Хайдеггер и «евреи». Исследование феномена - страница 15
В соответствии с подобающим этой работе уважением нужно утверждать, что нет никакой литературной или художественной истории – в той степени, в какой имеется история познания, – а есть лишь historia, расследование. Каждое письмо достойное этого имени, завязывает битву с Ангелом и в лучшем случае выходит из нее охромевшим. В писателе присутствует ненависть к литературе, в художнике – к искусству, эта ненависть есть любовь к тому, что искусство и литература прикрывают, его представляя, и что нужно вновь предъявить, то есть представить, и заново скрыть. Пытаешься выслушать и заставить выслушать тайную аффектацию, ту, что ничего не говорит, себя распускаешь, себя истощаешь. Письмо нулевой степени. Всегда так и было, иначе и быть не может. Иначе мы бы никогда не писали и не рисовали, мы бы только и делали, что за письмом и живописью забывали, а всю литературу и живопись следовало бы отнести на счет симптома, вторичного вытеснения. Но дело в том, что проблематика непредставимого появляется как таковая, и уже давно, вместе с вопросом о возвышенном.
Очевидно, пытаются (в частности, «романтики», спекулятивная мысль) ее закрыть, вторично вытеснить сам ее предмет, превращая все это в эстетику (диалектическую, ироническую, юмористическую, щегольскую). Тогда как с этим странным понятием, каковое через Лонгина и Буало пришло к нам не от греков, а от евреев и христиан, на карту ставится собственно тезис, сама позиция aticmecuca, возможность и уместность прекрасного и, следовательно, классическая поэтика (включая сюда и трагедию) в смысле Аристотеля. И даже уместность мира, какого бы то ни было мира, для того, что пребывает в поисках непредставимого. Мира, который трогает, эстетического мира.
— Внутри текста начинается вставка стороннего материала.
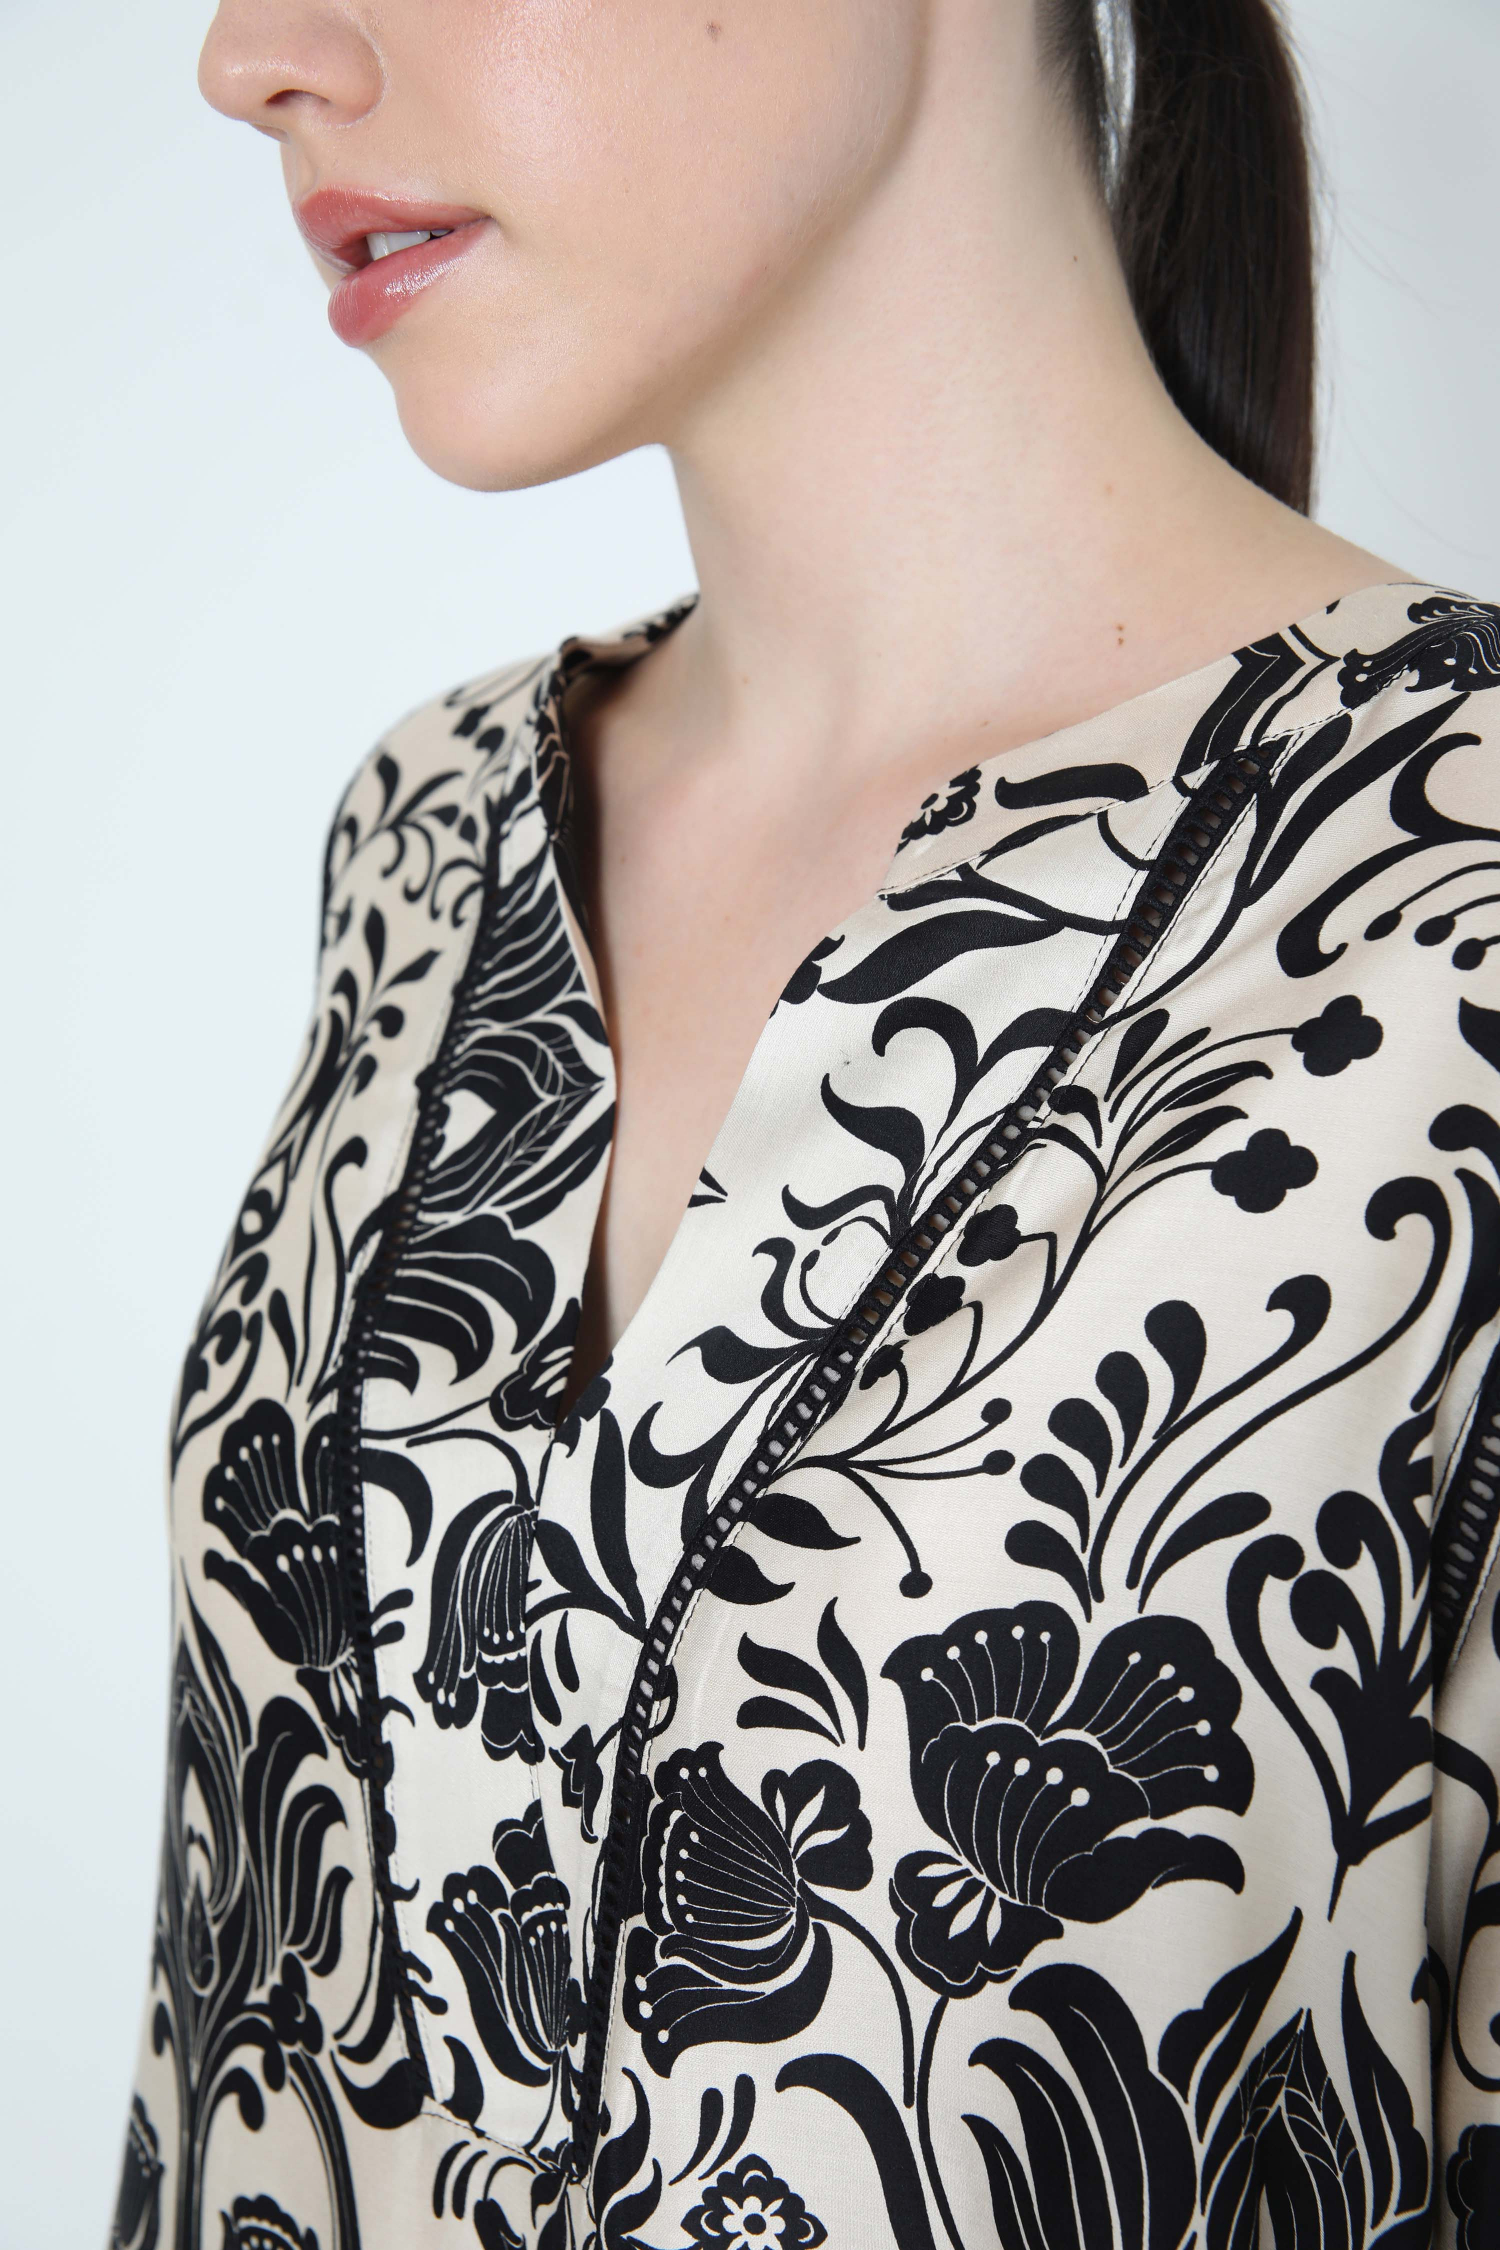 printed blouse with a satin effect base

Ибо непредставимое нетронуто, оно будет предшествовать любому прикосновению и не будет ни из мира, ни в мире.
Не случайно «не знаю что» (другое имя тайной аффектации) расшатывает якобы известное риторической (греческой и латинской) традиции об искусстве убеждения, как не случайно, в частности, и то, что вместе с Раненом, Бугуром и Фенелоном оно пересматривает вопрос об искусстве христианской проповеди. Как заставить почувствовать присутствие, каковое является непредставленным бессознательным, если довольствуешься при этом манипуляцией «изображениями», предназначенными убеждать и которые могут быть лишь представленческими компромиссами, в которых присутствие заставляет себя изображать и тем самым не узнавать. Айстесис может только вытеснять истину пафоса (которая не патетична), как церковная пышность вытесняет присутствующего в сердце Христа. Контрреформация, янсенизм, движение к бедности, чтобы приблизиться к бездонной нищете. Иисус не истинен, потому-что он прекрасен. Он даже чувственно не ощутим, его воплощение не есть его присутствие в мире, оно – наши хлынувшие от радости слезы. Стало быть, возвышенное, неощутимая аффектация, ощутимое только сердцем присутствие. Как оно может предстать во плоти, если проповедник о нем только говорит? Не ему вызвать слезы. Плачут по благодати.
Агония риторики и поэтики возвещает беспорядочное отступление литературных и даже дискурсивных жанров. Взять хотя бы уже Дидро. То есть прагматических конечных целей, адресов, во всех смыслах слова предназначенных породить конечное состояние у своих адресатов. Высвобожденное этим отступлением, возникает письмо, не адресующееся к кому-то и к тому, чем он должен в конце концов быть, а подталкивавмое несказанным и неизобразимым и притягиваемое к нему ценой худших «оплошностей». Траур по проекту произвести революционный переворот, обратить другого чтением и взглядом. От письма и возвышенного ожидать переворота не приходится. Как, впрочем, и миссионерский проект, революционная программа не может найти себе места в традиции «евреев». И в том, и в другом случае не во власти духа основать, установить, учредить или реставрировать аутентичность, подлинность. Основать подлинным образом. Это, напротив, не имеет никакого смысла. Потому что его здесь чересчур много. Все перегружено смыслом и чрезмерно облегчено от бессмыслия.